AWS expands HIPAA eligible machine learning services, the American Heart Association releases new cholesterol guidelines, and more.

1. “Move more, sit less,” government says

Take a walk, ride a bike, go for a swim. Any of these will fulfill the government’s new guidelines for physical activity to “move more and sit less.” The guidelines promote overall health benefits just from being active. Other health benefits include reduced anxiety and better sleep quality. Any type of physical activity can help to improve overall health. For adults, this means aiming for 2 ½ hours of activity each week. The American Heart Association also recently adopted the new guidelines.

2. Amazon develops HIPAA-eligible machine learning tools

Amazon Web Services recently added machine learning tools to its collection of HIPAA-eligible services. These include Amazon Translate, Amazon Comprehend and Amazon Transcribe. The new products cater to healthcare customers but specifically to those in management and patient engagement. Here’s how they work:

  • Amazon Translate helps doctors and patients communicate when there is a language barrier.
  • Amazon Comprehend analyzes patient-provider conversations and helps to key in on specific phrases to help improve patient interactions.
  • Amazon Transcribe is a speech-to-text service and will provide a transcript of a provider-patient call.

3. AI and UX top healthcare priorities for 2019

In 2019, many healthcare companies will need to prioritize the use of artificial intelligence and advanced analytics to provide personalized user experiences to their patients. Major retailers such as Wal-Mart and Amazon are already one step ahead in this field. Consumers want healthcare providers to catch up especially in terms of quality, convenience and accessibility. Artificial intelligence plays a key role in predictive analytics and managing the patient relationship between the provider and payer. As more healthcare consumers prefer digital experiences such as virtual encounters, the traditional way healthcare companies interact with patients may soon come to an end.

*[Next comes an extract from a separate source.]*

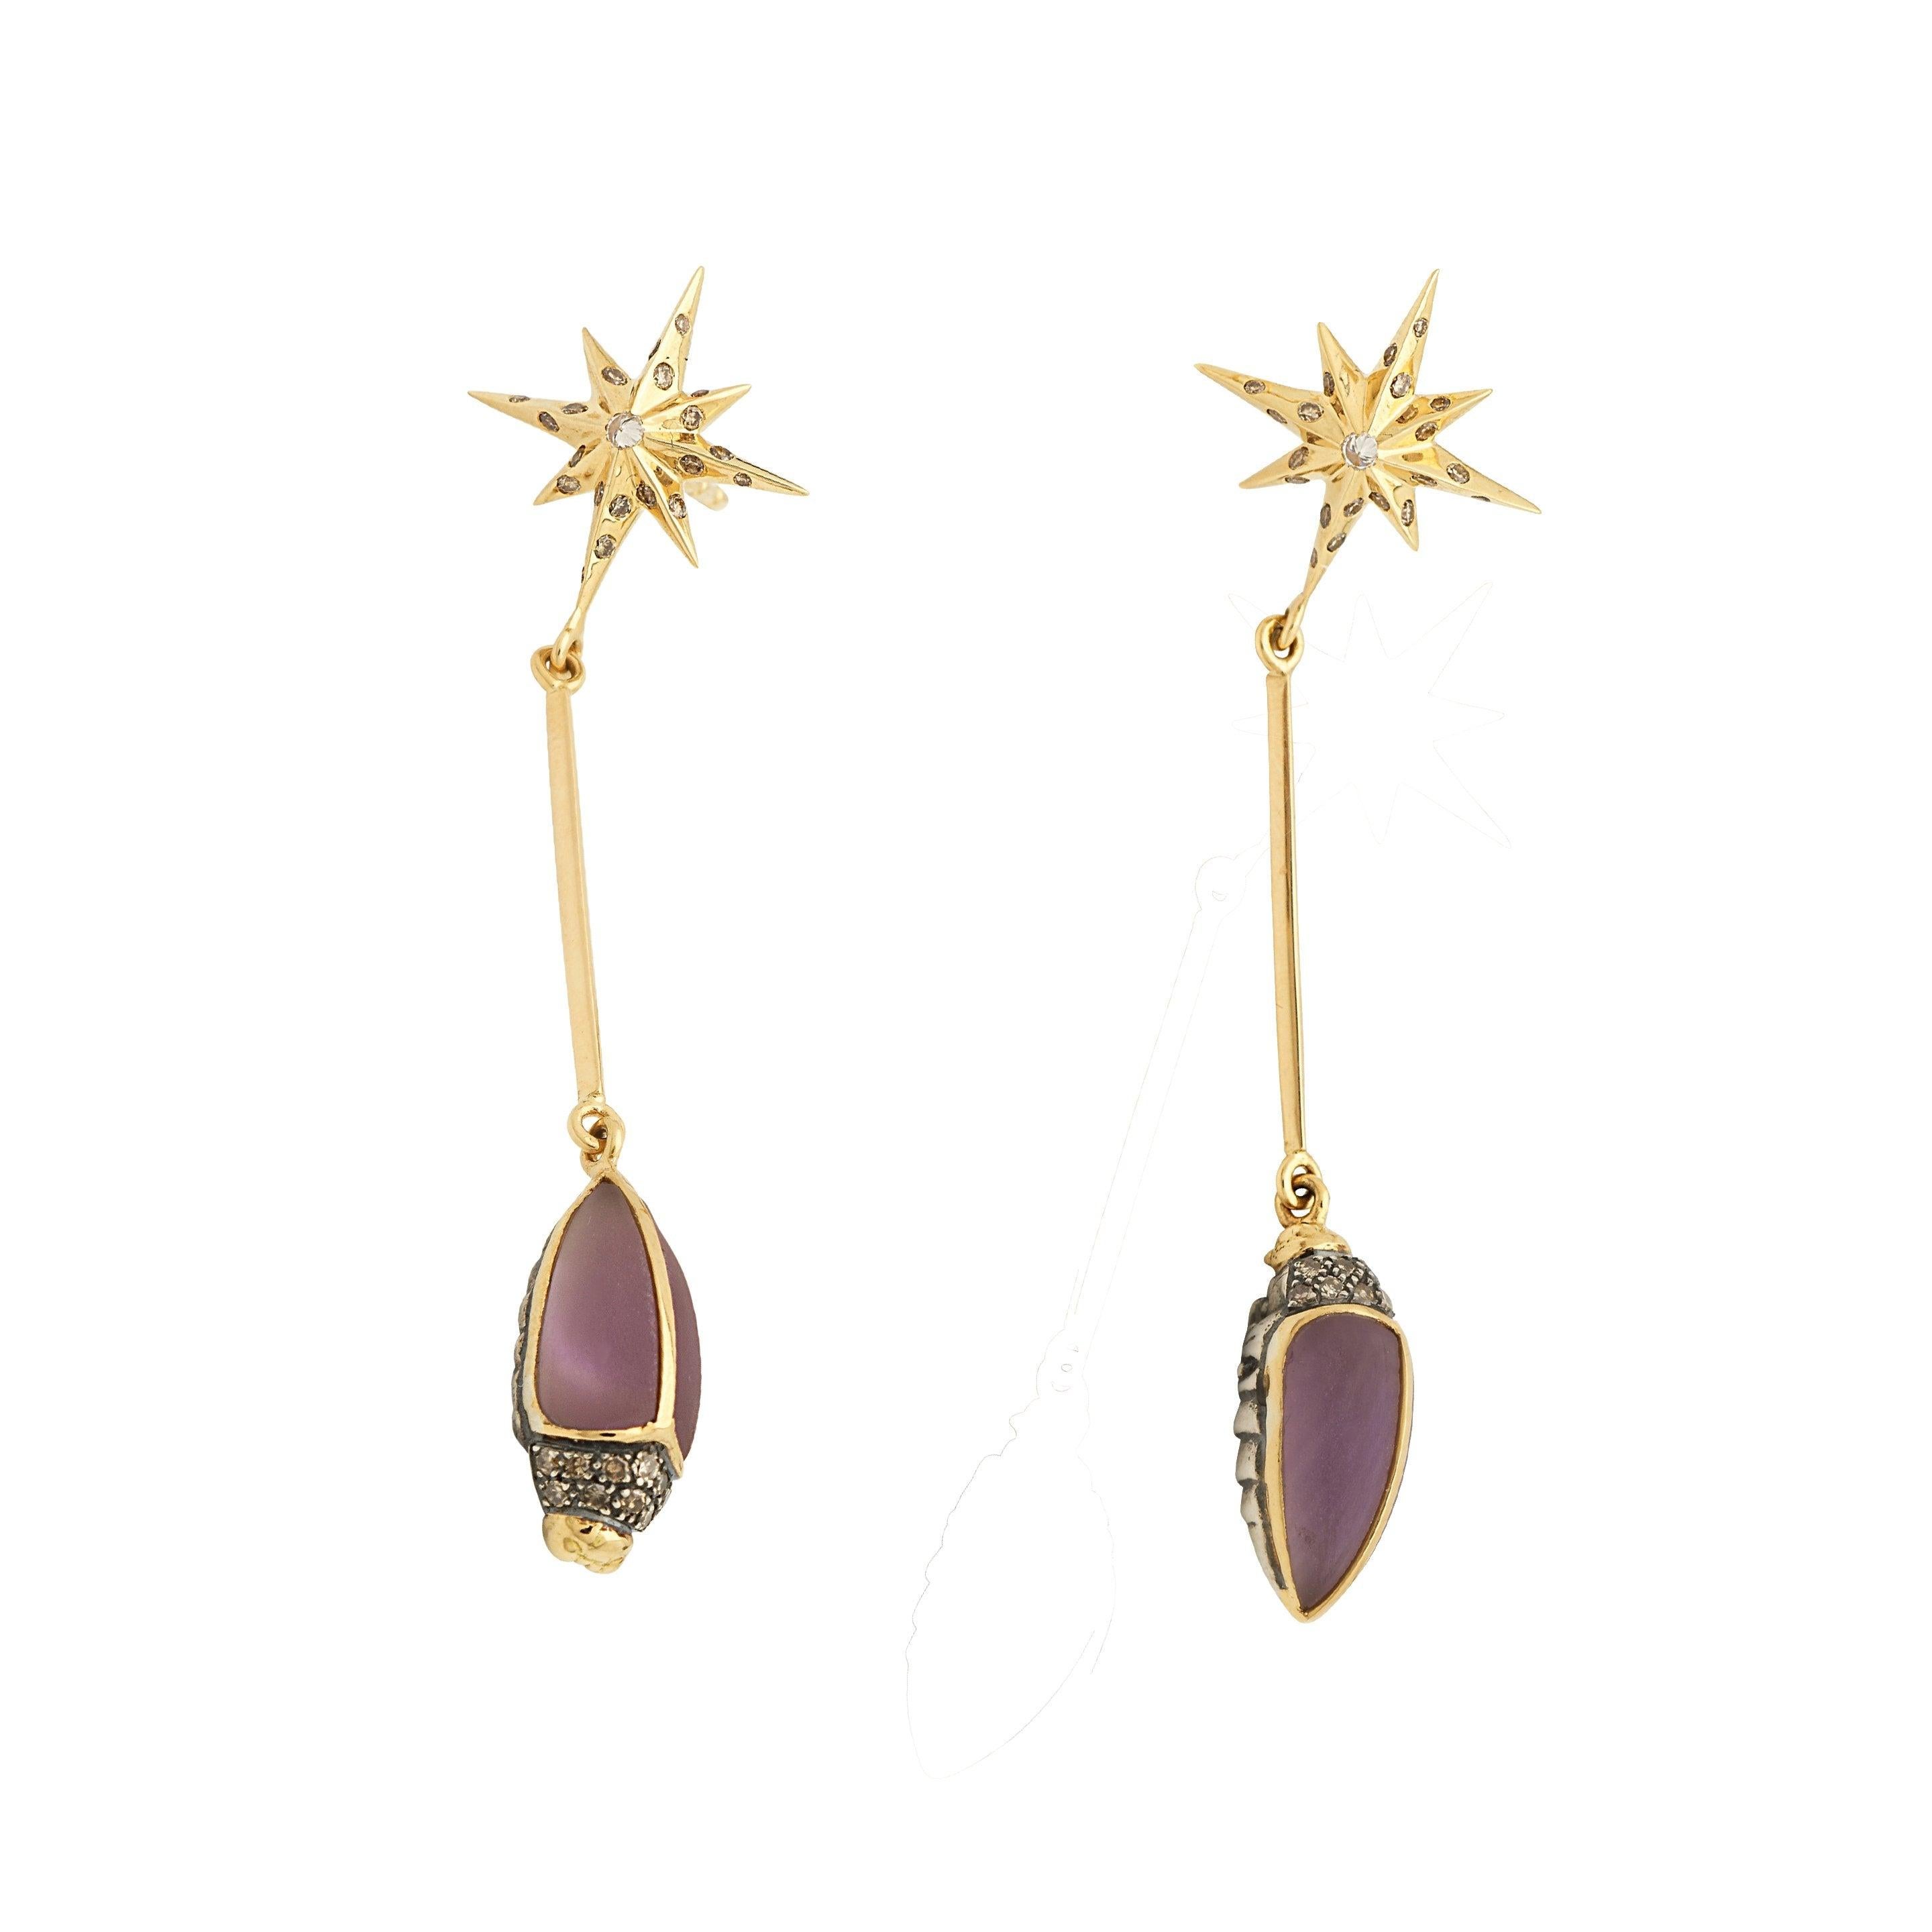 Sleek and graphic, these drop earrings are crafted as fine bars in 18k yellow gold, and are set with dazzling, diamond-embellished star motifs at the posts. The scarab motifs at the drop are fashioned in 18k yellow gold and sterling silver, and set
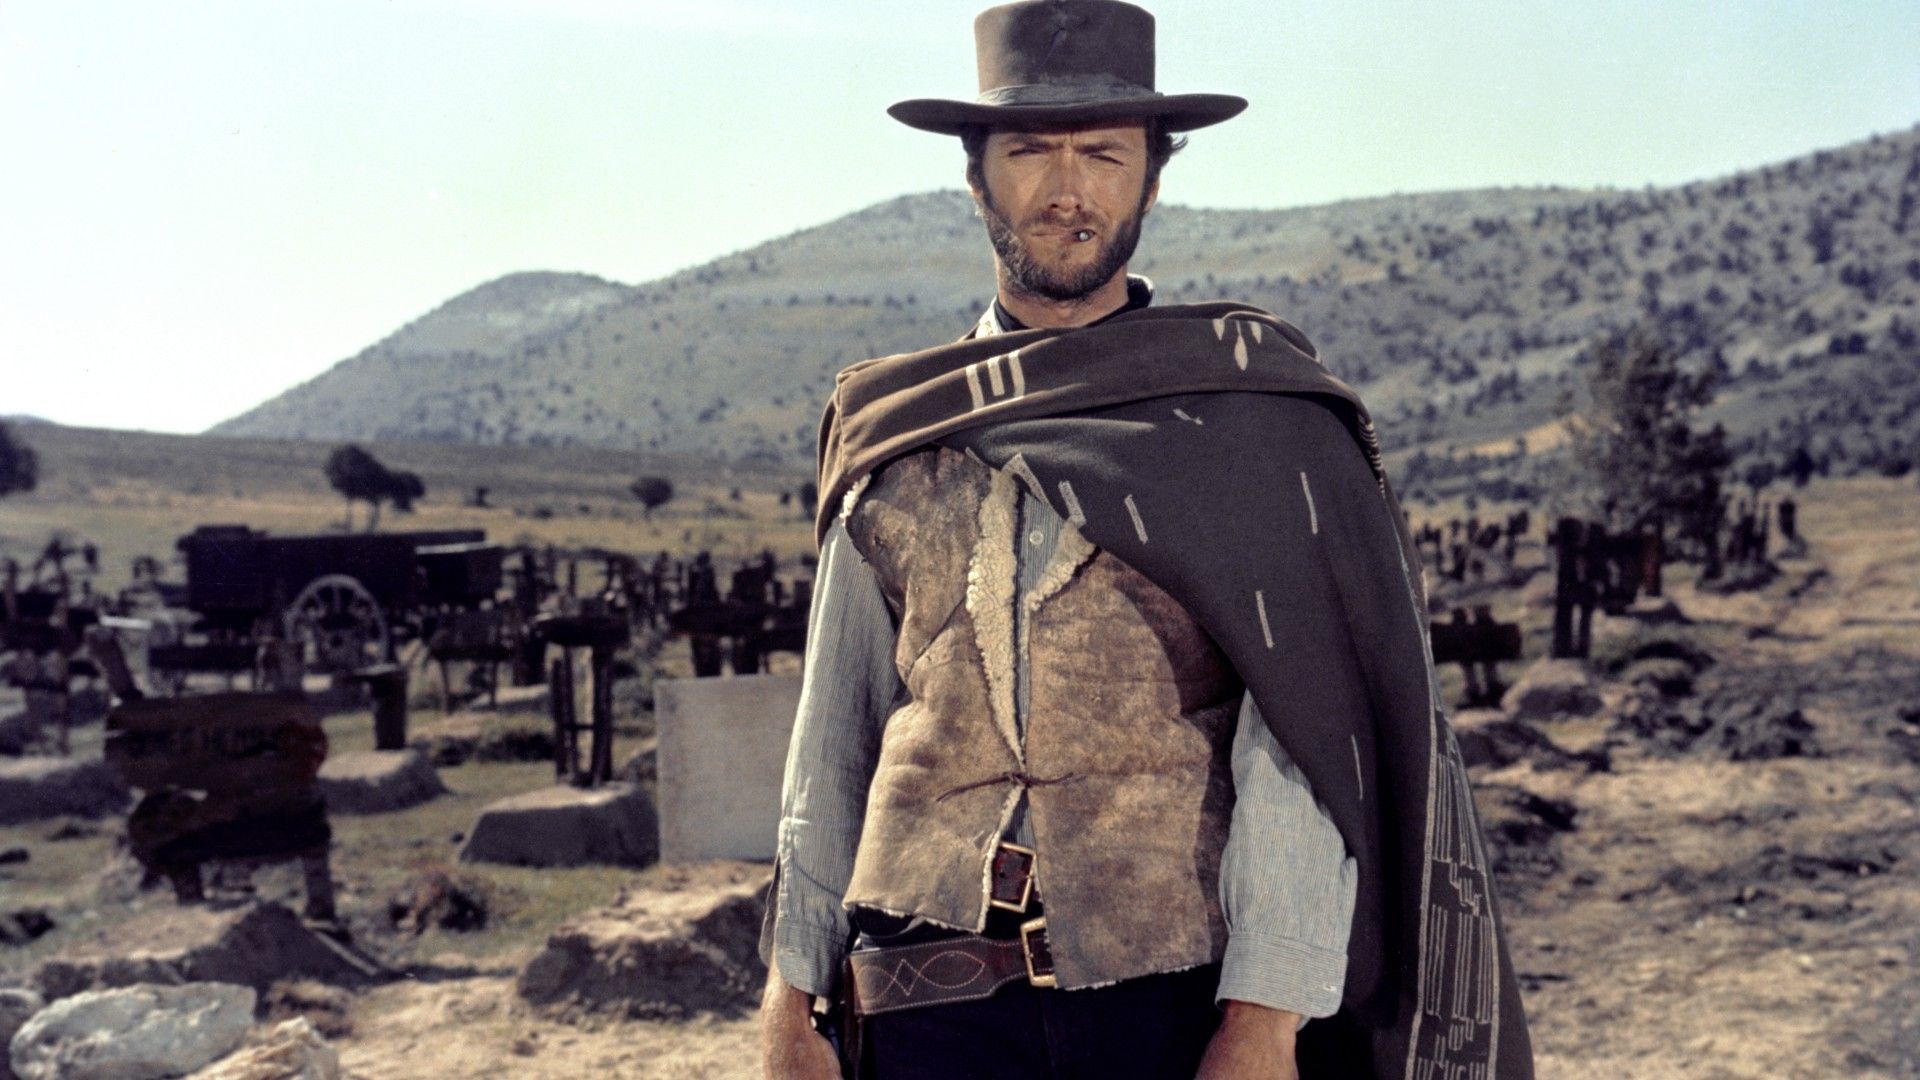 Clint Eastwood with a cigarette in his mouth standing in a desert in The good, the Bad and the Ugly

4. Personalized approach to new cholesterol guidelines

The American Heart Association released new guidelines for lowering cholesterol while also curbing the risk of heart attack and stroke. These guidelines include a lifelong approach starting with children as young as age two. Some of the guidelines include:

  • More detailed risk assessments (including the use of CT scans to check arteries)
  • Harder hitting drugs for high-risk patients at the first sign of high cholesterol
  • For kids ages 9 to11, initial cholesterol testing to gauge lifetime risk early and to introduce healthy lifestyle changes

Checking cholesterol earlier helps children and young adults learn healthy lifestyle habits and maintain healthy cholesterol levels for the rest of their lives.

5. Geisinger CEO Dr. David Feinberg joins Google as top health exec

Dr. David Feinberg is set to lead Google’s healthcare efforts starting in 2019. Feinberg most recently served as the CEO of Geisinger Health System and is well known as an industry leader in the use of electronic health records to manage patients through advanced big data analytics and predictive modeling. While Google has not announced its plans for the healthcare space, hiring a doctor and care delivery expert may signal the company’s desire to join the consumer healthcare market.